En Blu-ray et DVD : Malgré son titre qui évoque une chanson des Beatles et son affiche qui pourrait promettre un Miss Daisy et son chauffeur inversé, Drive my car n'a rien d'une rom-com nippone. Adapté de l'oeuvre de Haruki Murakami, ce film de Ryusuke Hamaguchi fut l'un des coups de coeur du Festival de Cannes 2021, où il remporta le prix du meilleur scénario. Sa sortie en vidéo, chez Diaphana, accompagné d'un livret éclairant, permet de (re)plonger dans un récit délicat et sensible.
Kafuku est un homme meurtri, qui traverse l'existence avec un apparent détachement. Il garde en lui et pour lui ses blessures et des questions sur son passé. La pièce de Tchekhov entre étrangement en résonnance avec la vie de l'artiste. Il en apprend par coeur les répliques en écoutant l'oeuvre sur une cassette audio qu'il joue en boucle dans son autoradio. Sa femme a enregistré les dialogues de tous les rôles, laissant en blanc ceux d'Oncle Vania, que récite Kafuku de manière machinale.
Belle idée de croiser les vies des personnages de la pièce avec celles des personnages du film. Les mots de Tchekhov racontent ce que Kafuku n'ose exprimer, ou ce qu'il ne peut énoncer à voix haute qu'à travers un personnage de fiction. Ce thème de la communication brouillée, voire contrariée, est au coeur du film. Mari et femme se parlent à des moments incongrus ou dialoguent à distance par le biais d'un enregistrement sonore tandis que la pièce est interprétée par des comédiens qui ne parlent pas la même langue. Au volant, Misaki en apprend plus sur Kafuku en écoutant la pièce qu'en échangeant directement avec son passager. Cette communication imparfaite empêche les personnages d'exprimer ce qu'ils ont sur le coeur. Jusqu'à une séquence formidable où Kafuku et Misaki dînent chez le directeur du festival et son épouse sourde et muette.
Sentiments enfouis
Par le langage des signes, la jeune femme révèle des vérités et déverrouille les sentiments de ses invités. Kafuku fend l'armure et le film se laisse porter par une souffle émotionnel qui tranche avec les 90 premières minutes. J'ai même eu l'impression que c'est à partir de ce moment que la musique originale se fait entendre. Jusqu'alors, Hamaguchi avait fait primer les sons directs, sa mise en scène élégante traduisant l'état d'esprit de Kafuku : sobre, détaché, presque irréel. Dans sa deuxième partie, Drive my car abandonne en partie sa retenue d'origine, les émotions se font plus intenses. Chez les personnages comme chez le spectateur.

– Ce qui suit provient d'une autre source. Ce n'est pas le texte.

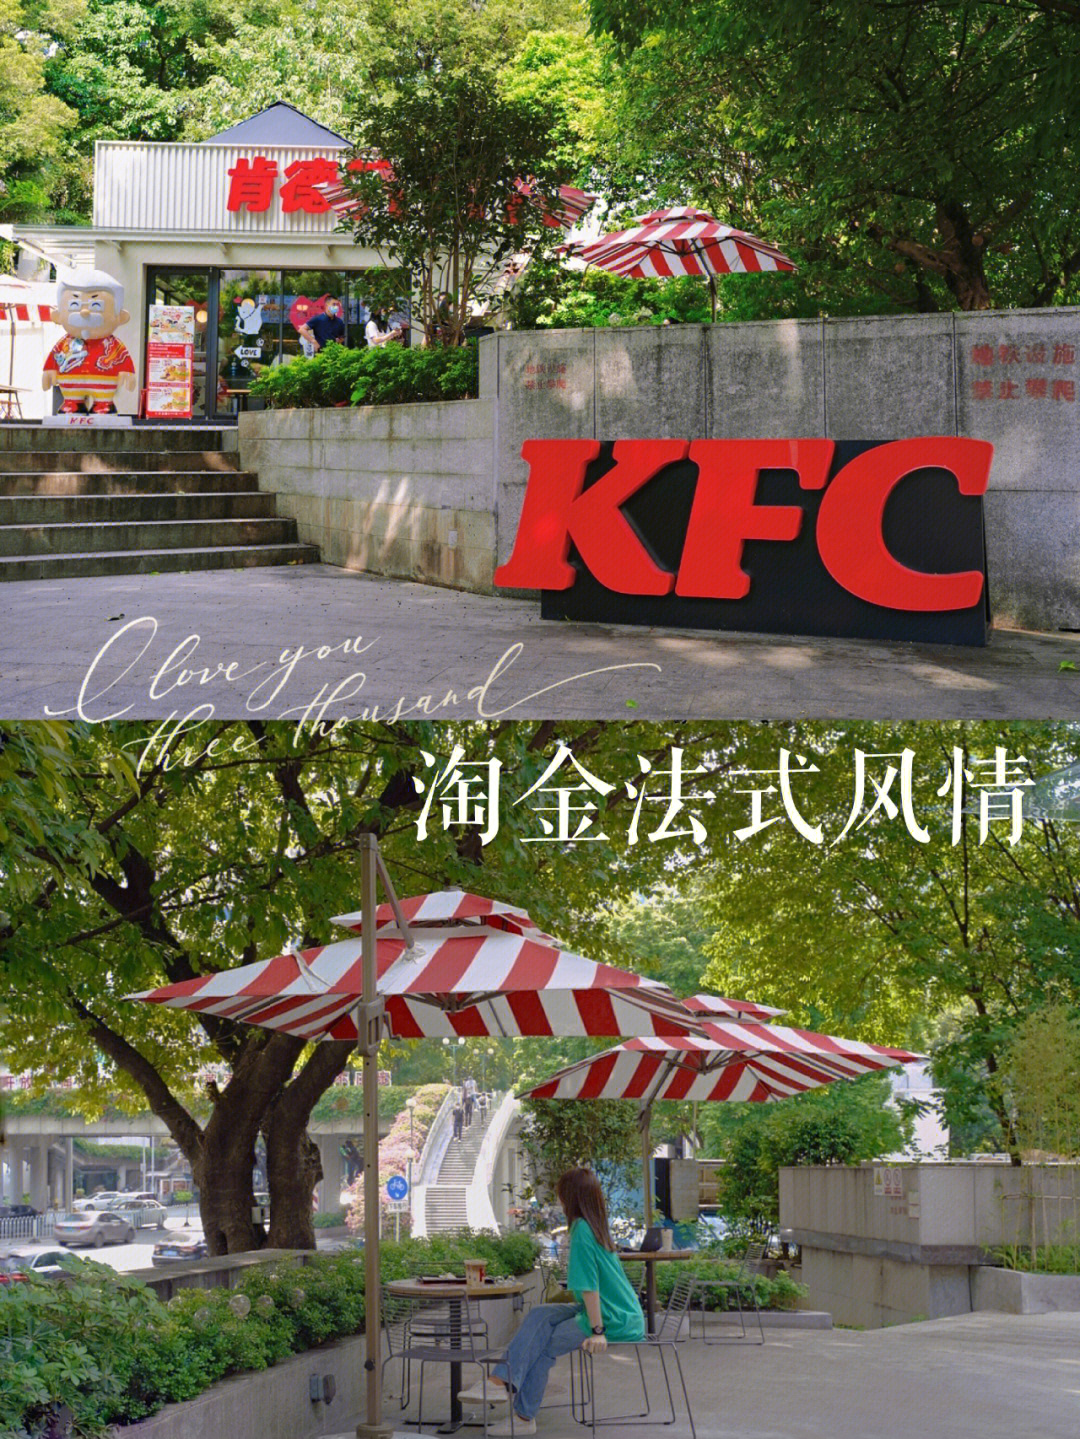 广州淘金森系浪漫花园式kfc拍照攻略

Et si nous sommes emportés de la sorte, c'est autant grâce à l'approche délicate du cinéaste qu'au jeu des acteurs. Hidetoshi Nishijima campe une sorte d'ermite, dont il parvient à traduire la détresse réfrénée avec une interprétation toute en nuances. Avec son regard triste et ses traits figés, Masaki Okada est bouleversante : là encore, elle nous fait deviner le traumatisme qui l'habite avant de l'exprimer oralement. Dans le rôle de l'actrice sourde et muette, Yoo-rim Park est lumineuse à chacune de ses apparitions.
Le spectateur a l'impression d'avoir voyager à l'arrière de la Saab 900 : bercé par la mise en scène de Ryusuke Hamaguchi, on apprend à apprécier ces grands taiseux que sont Kafuku et Misaki. En arrivant à destination, nous sommes bouleversés avec eux mais que le chemin fut beau.